Enhanced Certificate Transparency (ECT) by Ryan [22] extends CT by using two data structures: one chronologically sorted and one lexicographically sorted. Distributed Transparent Key Infrastructure (DTKI) [27] builds upon the same data structures as ECT. The chronologically sorted data structure corresponds to a history tree (like CT). The lexicographically sorted data structure is similar to our hash treap. For checking consistency between the two data structures, ECT and DTKI use probabilistic checks. The probabilistic checking verifies that a random operation recorded in the chronological data structure has been correctly performed in the lexicographical data structure. However, this requires the prover to generate past versions of the lexicographical data structure (or cache all proofs), with similar trade-offs as for PADs, which is relatively costly.

CONIKS [14] is a privacy-friendly key management system where minimally trusted clients manage their public keys in directories at untrusted key servers. A directory is built using an authenticated binary prefix tree, offering similar properties as our hash treap. In CONIKS, user identities are presumably easy to brute-force, so they go further than Balloon in providing event privacy in proofs by using verifiable unpredictable functions and commitments to hide keys (identities) and values (user data). CONIKS stores every version of their (authenticated) data structure, introducing significant overhead compared to Balloon. On the other hand, CONIKS supports modifying and removing keys, similar to a PAD. Towards consistency, CONIKS additionally links snapshots together into a snapshot chain, together with a specified gossiping mechanism that greatly increases the probability that an attacker creating inconsistent snapshots is caught. This reduces the reliance on perfect gossiping, and could be used in Balloon. If the author ever wants to create a fork of snapshots for a subset of clients and monitors, it needs to maintain this fork forever for this subset or risk detection. Like CONIKS, we do not prevent an adversary compromising a server, or author, or both, from performing attacks: we provide means of detection after the fact.

9 Conclusions

This paper presented Balloon, an authenticated data structure composed of a history tree and a hash treap, that is tailored for privacy-preserving transparency logging. Balloon is a provably secure authenticated data structure, using a similar approach as Papamanthou et al. [19], under the modest assumption of a collision-resistant hash function. Balloon also supports efficiently verifiable inserts of new events and publicly verifiable consistency.
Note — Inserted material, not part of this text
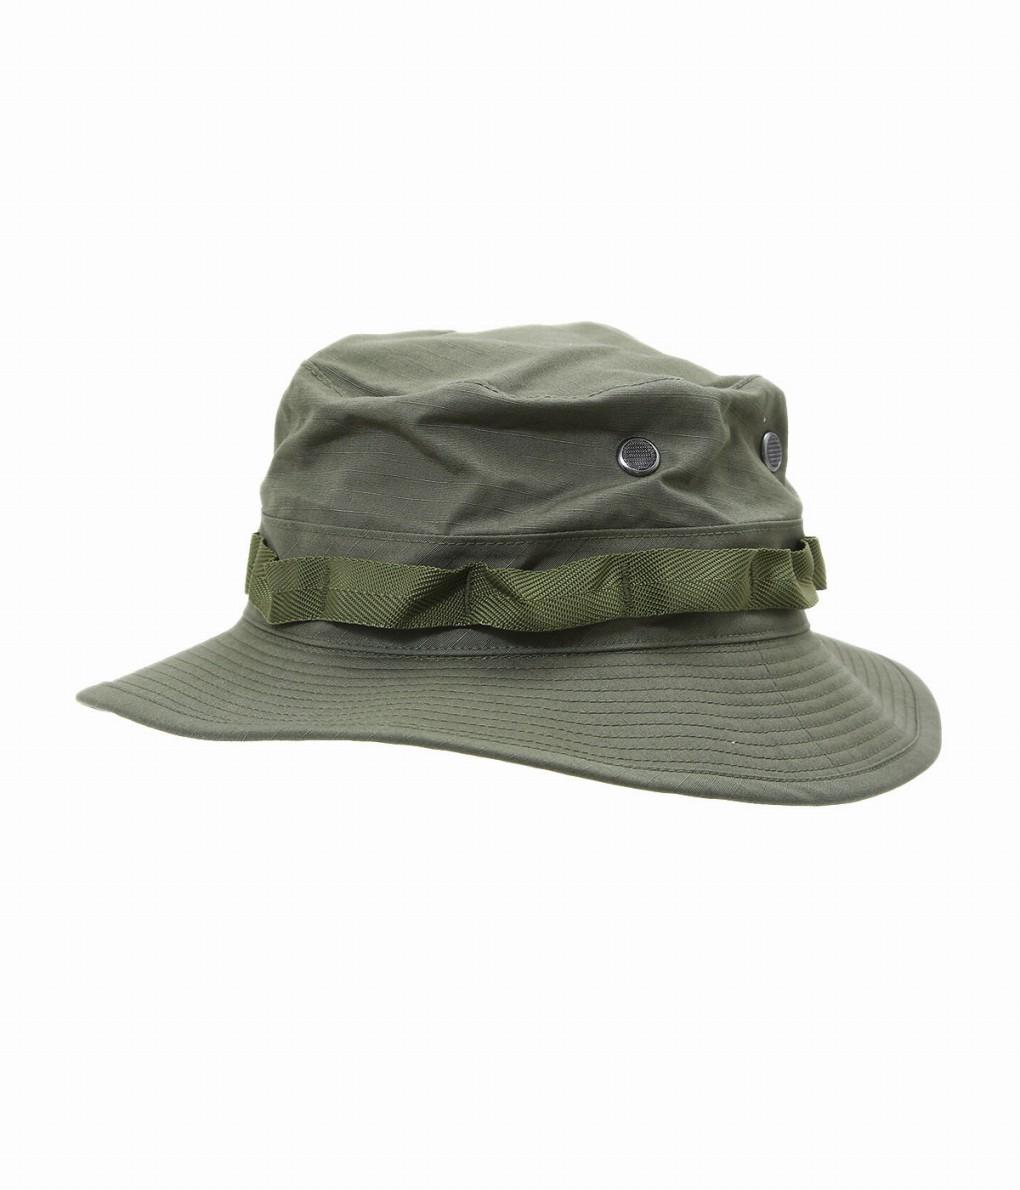 orSlow / オアスロウ : US ARMY JUNGLE HAT : ユーエスアーミージャングルハット 帽子 メンズ レディース ユニセックス : 03-023-76 【STD】

Verifiable inserts enable the author to discard its copy of the (authenticated) data structure, only keeping constant storage, at the cost of transmitting and verifying proofs of a pruned version of the authenticated data structure. Publicly verifiable consistency enables anyone to verify the consistency of snapshots, laying the foundation for a forward-secure author, under the additional assumption of a perfect gossiping mechanism of snapshots. Balloon is practical, as shown in Sect. 7, and a more efficient solution in our setting than using a PAD, as summarised by Table 2.

Footnotes

  1. 1.

    A commitment \(c_i\) is the root of the history tree for the i:th event, signed by the system. For the purpose of this paper, we omit the signature from the commitments.

  2. 2.

    The priority can safely be discarded since it is derived solely from the key and implicit in the structure of the treap.

  3. 3.

    \(queried[-1]\) denotes the index of the last inserted event in version queried of the authenticated data structure.

  4. 4.

    Note that the signatures may differ since the signature scheme can be probabilistic.

  5. 5.

    golang.org, accessed 2015-04-10.

  6. 6.

    The difference is in how non-full trees are handled, as noted in Sect. 2.1 of [12].

Notes

Acknowledgements

We would like to thank Simone Fischer-Hübner, Stefan Lindskog, Leonardo Martucci, Jenni Reuben, Philipp Winter, and Jiangshan Yu for their valuable feedback. Tobias Pulls has received funding from the Seventh Framework Programme for Research of the European Community under grant agreement no. 317550. This work was supported in part by the Research Council KU Leuven: GOA TENSE (GOA/11/007).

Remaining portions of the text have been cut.